За разговором я и не заметила, как мы добрались до квартиры. Там было уже не так тихо, как с утра: на кухне кто-то гремел посудой, по коридору туда-сюда ходили жильцы.
— Драсти, Маргарита Петровна! — поприветствовал Макс сухонькую сгорбленную старушку, которая возвращалась с кухни в свою комнату со сковородкой шкворчащих котлет.
— Здравствуй, Максимушка! — охотно ответила бабушка. — Я тебе там на тарелку три котлетки положила. Сам покушай и девочек угости. А то одними бутербродами питаетесь.

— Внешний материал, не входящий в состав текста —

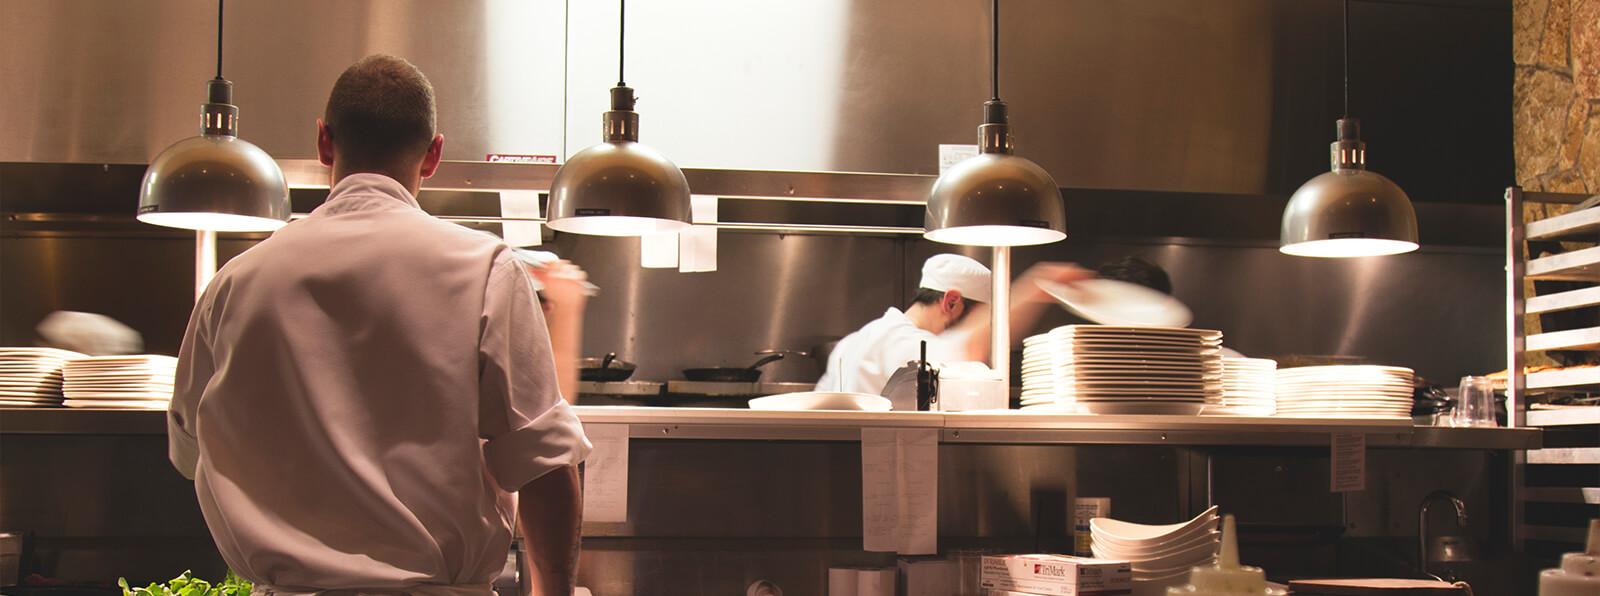 Wo kann man gut essen in Schildow? - Leckere hausgemachte normannische Küche - Restaurant Normandie im Norden von Berlin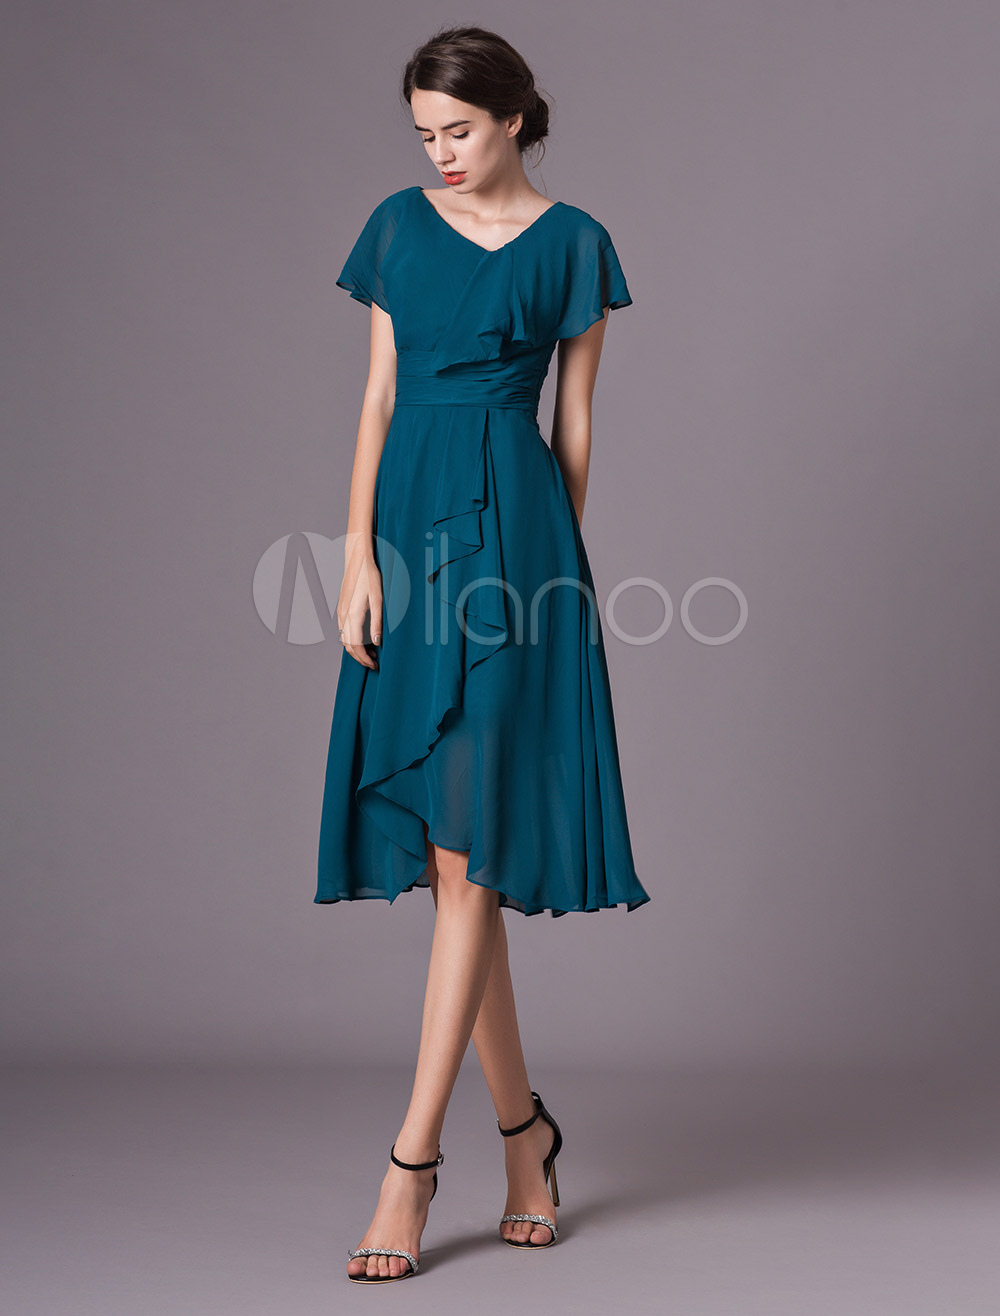 Wedding Guest Dress Ink Blue Short Sleeve V Neck Chiffon Ruffles Mother Dress

— Премного благодарен! — весело ответил Макс и шутливо поцеловал Маргарите Петровне ручку. — Спасительница Вы наша! Очень кстати!
Старушка, смущенно улыбаясь, засеменила к себе в комнату. На смену ей в прихожую с сумками вышли двое бородатых заспанных парней с сумками.
— Все, чао! Мы на вокзал! Спасибо, дружище! — попрощались они с Максом и, кивнув нам с Лидой, удалились вниз по лестнице.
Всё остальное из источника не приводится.